Baffin Bay, surrounded by the most heavily glaciated landscapes in the Northern Hemisphere, is a major recipient of sediment eroded by large Quaternary ice sheets (e.g., Laurentide, Innuitian, and Greenland ice sheets). Thus, sediment archives extracted from Baffin Bay record the history and dynamics of ice sheets under varying climatic forcings and boundary conditions. Consequently, much research has been done in the marginal areas of Baffin Bay, in the direct vicinity of major glacial outlets. Building on previous work on long cores collected during the 1980s and early 1990s, the retrieval of several long, deep-sea cores during two recent expeditions to central Baffin Bay (CCGS Hudson HU2008-029 in 2008, RSS James Clark Ross JR175 in 2009) has fostered further state-of-the-art research of the Pleistocene-to-Holocene glacial history of Baffin Bay. The themed collection of four papers in this issue of the Journal of Quaternary Science presents important, new records of ice sheet change from Baffin Bay sediments that make use of sedimentary fingerprints to better understand ice sheet dynamics against the background of environmental changes.
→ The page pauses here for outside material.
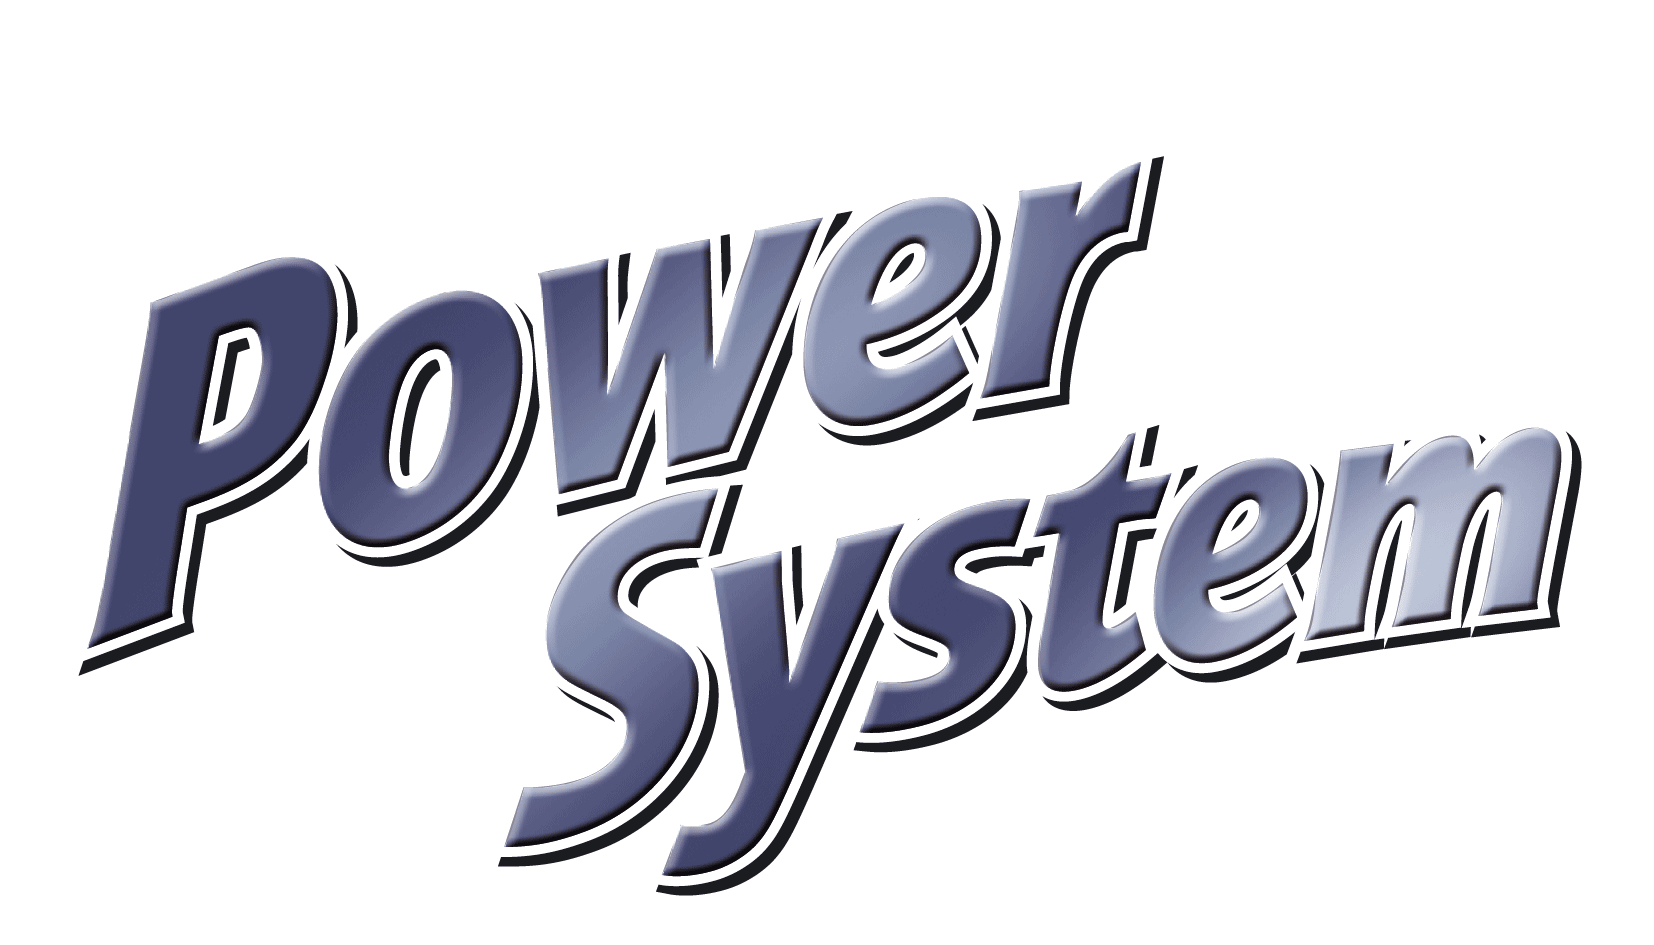 PowerSystem

By applying the technique of sediment-source differentiation for the last 115,000 years in central Baffin Bay, Simon et al. (2014) reveal that the Laurentide and Innuitian ice sheets responded to high-frequency climate fluctuations such as the Dansgaard-Oeschger events. Conversely, ice margin dynamics of the Greenland Ice Sheet were more strongly controlled by large-scale climatic and oceanographic variability such as warm water advection intensity. Andrews et al. (2014) use a similar approach to focus on the depositional activity of the ice sheets surrounding Baffin Bay during the last glacial (marine isotope stage 3 and 2). They illustrate how a dominantly West Greenland-sourced sedimentary record is punctuated by prominent depositional events of northern-sourced detrital carbonate. Despite difficulties with radiocarbon age models, Andrews et al. (2014) reveal that these so-called Baffin Bay Detrital Carbonate (BBDC) events are not coeval with the calcite-dominated Heinrich Events known from the Labrador. They conclude that there were differing causal mechanisms for these prominent depositional events.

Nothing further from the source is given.